RISK-FACTOR MODIFICATION AND PROPHYLAXIS

The risk-factors associated with CP can be classified according to the MANNHEIM risk-factor classification system[4]. In this system, the multiple (M) risk factors underlying CP are categorised into six major subcategories of alcohol consumption (A), nicotine consumption (N), nutritional factors (N), hereditary factors (H), efferent pancreatic duct factors (E), immunological factors (I), and various rare miscellaneous and metabolic (M) factors. The rationale for modifying these risk-factors is to reduce recurrent injury to the pancreas. Hence, with repeated episodes of acute inflammation triggered by one or more risk factors, the inflammatory environment within the pancreas shifts towards chronic inflammation, with subsequent activation of pancreatic stellate cells, fibrinogenesis, and irreversible pancreatic damage[21]. Although not well established for all risk-factors (see below), it seems likely that prevention of recurrent pancreatitis attacks, clinical or sub-clinical, by risk-factor modification, will translate into a slowing of disease progression, less exocrine and endocrine insufficiency and most importantly decreased abdominal pain. In Table 1 recommended risk factor modifications are summarized.

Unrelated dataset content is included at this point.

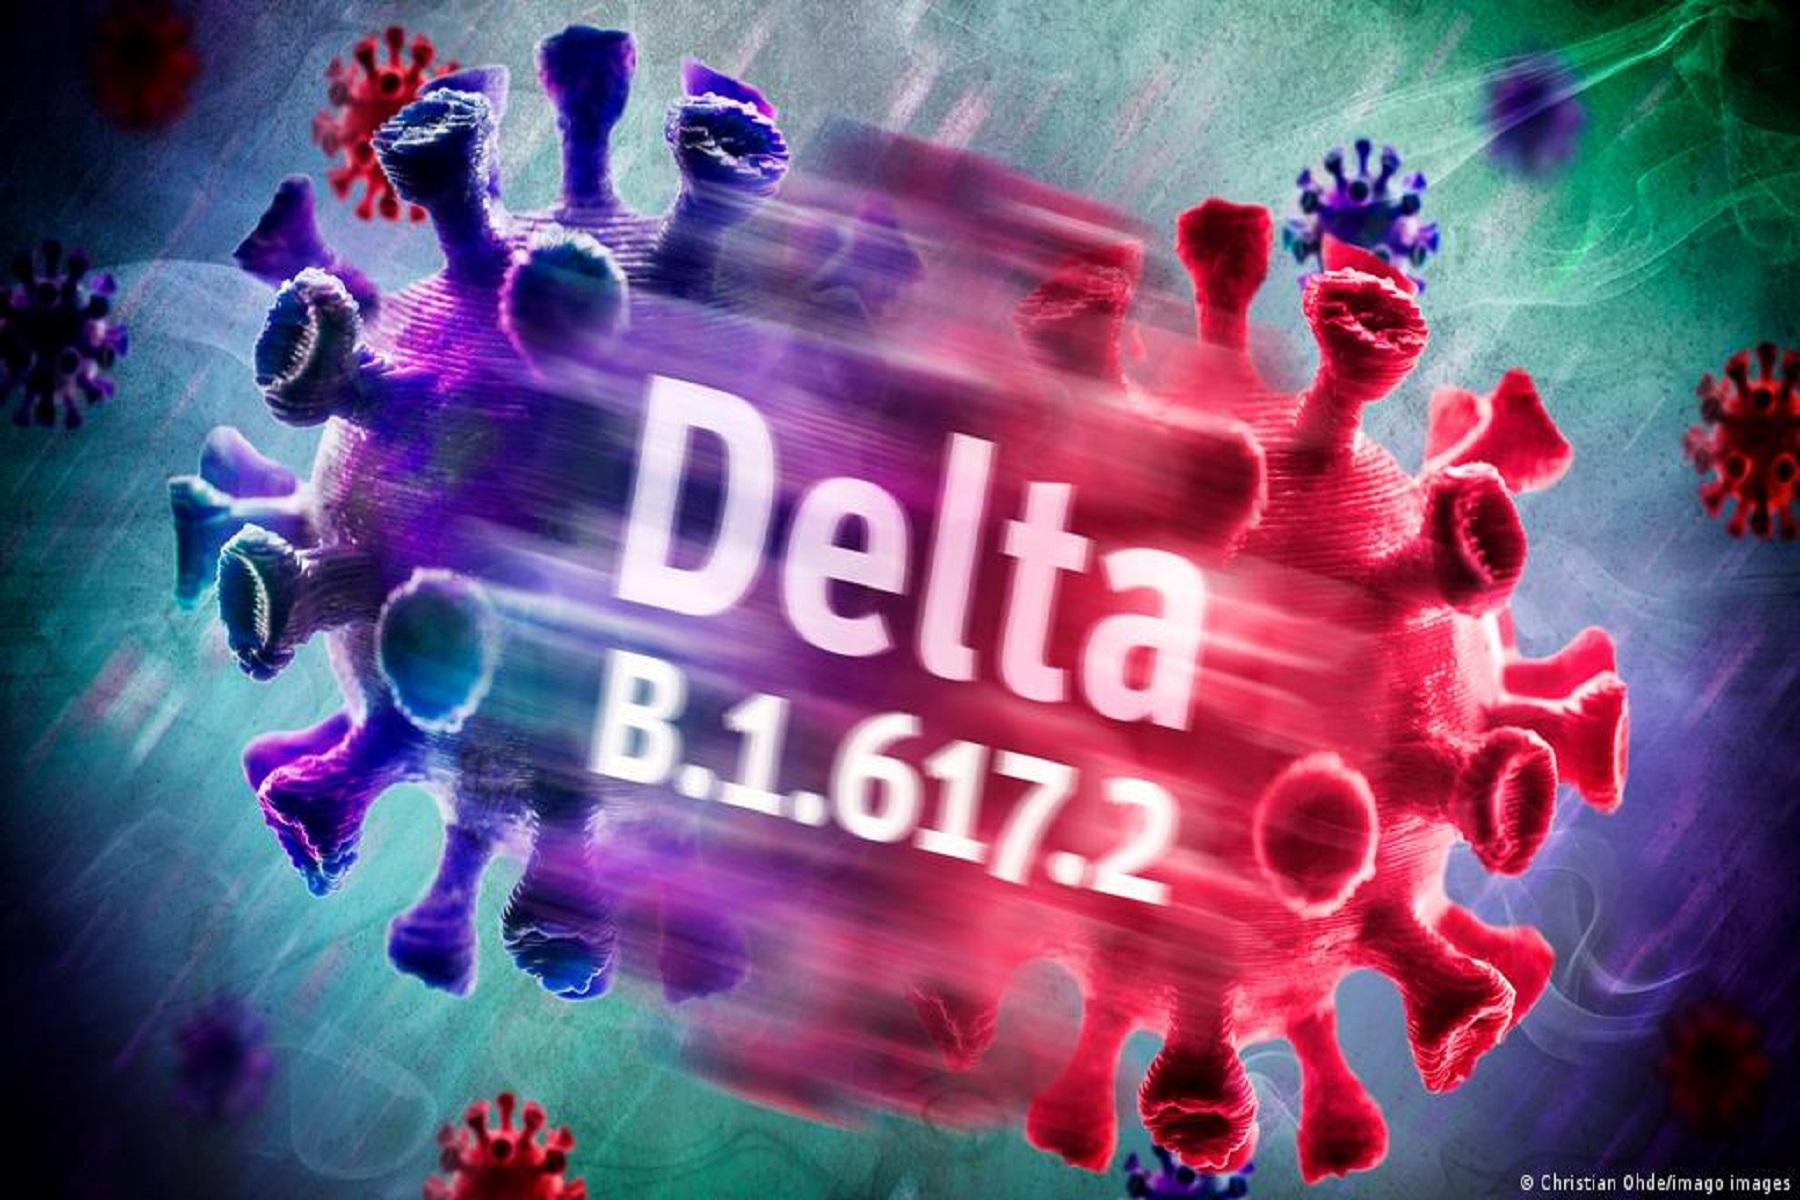 COVID-19: Ποια εμβόλια είναι αποτελεσματικά έναντι της παραλλαγής δέλτα;

Table 1 Recommended risk factor modifications in chronic pancreatitis according to the MANNHEIM criteria.
Risk factorTreatmentComments
AlcoholAlcohol cessationDecrease disease progression and may have beneficial effects on pain
NicotineSmoking cessationDecrease disease progression and may have beneficial effects on pain
NutritionalNo specific recommendationsNo prospective data
HereditaryEndoscopic surveillanceCurrently no formal evidence, a prospective trial has been initiated
Pancreatectomy with autolog stem cell transplantationPreferred strategy in some United States centers
Efferent ductEndoscopy or surgical interventionsThe benefit of intervention is controversial
ImmunologicalSteroid treatmentTreatment of autoimmune pancreatitis follows guidelines provided in e.g., Ref. 32
MetabolicLipid lowering therapy, parathyroidectomy, etc.Consider referral to an endocrinologist

In patients with an alcoholic aetiology of CP, there is evidence to support that cessation of alcohol may have beneficial effects on disease progression and pain[22,23]. Furthermore, there is increasing evidence that tobacco use is also an important and independent risk factor for CP and that cigarette smoking accelerates progression of alcoholic CP[24,25]. Hence, tobacco cessation is highly recommended in these patients, although the association with pain relief has yet to be determined.

Data on the association between nutritional factors and CP are sparse. The consumption of a diet rich in fat and protein was associated with the development of CP in a case-control study[26]. However, retrospective descriptions of daily nutritional habits are difficult and such data may be subject to recall bias. Thus, it is difficult to provide a simple description of past daily nutrition in the majority of patients with CP and these findings needs to be confirmed in a prospective trial before specific recommendations can be made.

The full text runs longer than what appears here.